Cela ne semble pas exagéré : la grossesse est un moment où les femmes se reconnaissent comme « pèlerins de l’espérance », parce qu’à partir des signaux qu’elles reçoivent de leur propre chair pendant de longs mois, elles apprennent à accompagner pas à pas le temps de l’attente et apprennent que la sagesse de la vie s’acquiert aussi en apprenant à attendre. La vie, celle de tout être vivant comme celle des peuples et de toute l’humanité, se tisse dans le silence et l’obscurité : « C’est toi qui m’as formé les reins, qui m’as tissé au ventre de ma mère », chantait le psalmiste (Psaume 139, 13). Pour Elisabeth et Marie, c’est-à-dire pour deux femmes de foi, ce silence et cette obscurité parlent de Dieu et chantent ses louanges, car ils révèlent que sa présence dans l’histoire des hommes n’en permettra jamais l’autodestruction. La salutation d’Elisabeth et le chant de Marie représentent la première épiphanie du Messie qui se produit depuis que Dieu a commencé à le tisser dans le sein de sa mère.
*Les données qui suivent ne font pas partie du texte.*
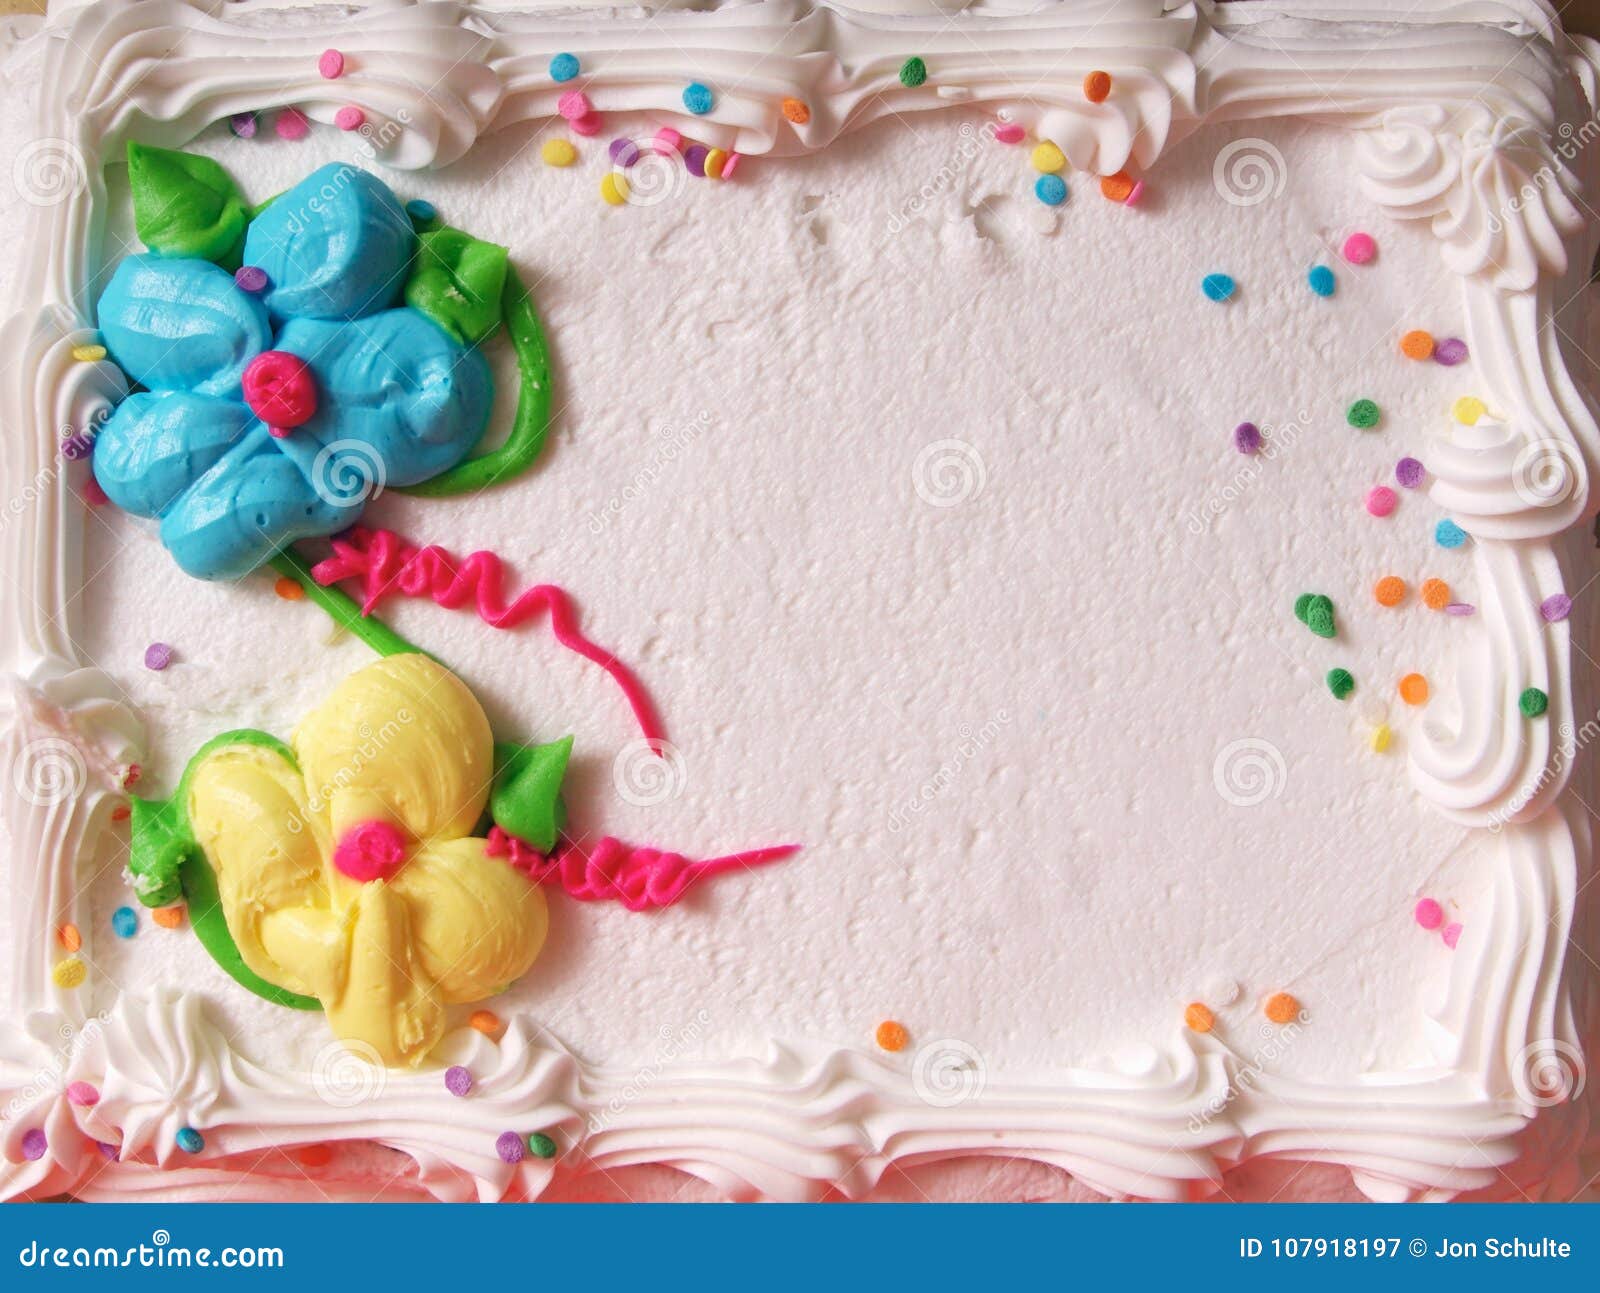 生日蛋糕的制作方法 在线教程 视频教程 - 课书房

Cela n’aurait certainement pas de sens d’affirmer qu’une femme n’est pleinement telle que si elle engendre des enfants dans sa chair, ni, encore moins, que pour les femmes c’est de là que passe l’empowerment de l’Esprit : la réalité qui nous entoure le dit avec force. Mais cela a été théorisé avec tout autant de force ces dernières décennies par la pensée des femmes qui, finalement, ont prétendu libérer la définition du féminin, si chère à tout patriarcat, de la maternité entendue comme unique destin. Cela ne signifie pas non plus que le mystère de la transmission de la vie appartient exclusivement aux femmes, car nous savons bien qu’il ne peut se résumer à ce qui se passe dans le corps des femmes. Il n’est donc pas surprenant que Zacharie et Joseph soient totalement exclus du récit de la visite de Marie à Elisabeth. En effet, ce n’est qu’aux femmes qu’il revient de partager la conscience de ce qui se passe à travers elles et en elles. Un partage qui devient évangile, bonne nouvelle, dans l’étreinte entre celle qui représente le peuple de la promesse et celle de qui naîtra le Fils du Très-Haut, et lorsqu’elles expriment le temps de l’attente comme un temps d’espérance.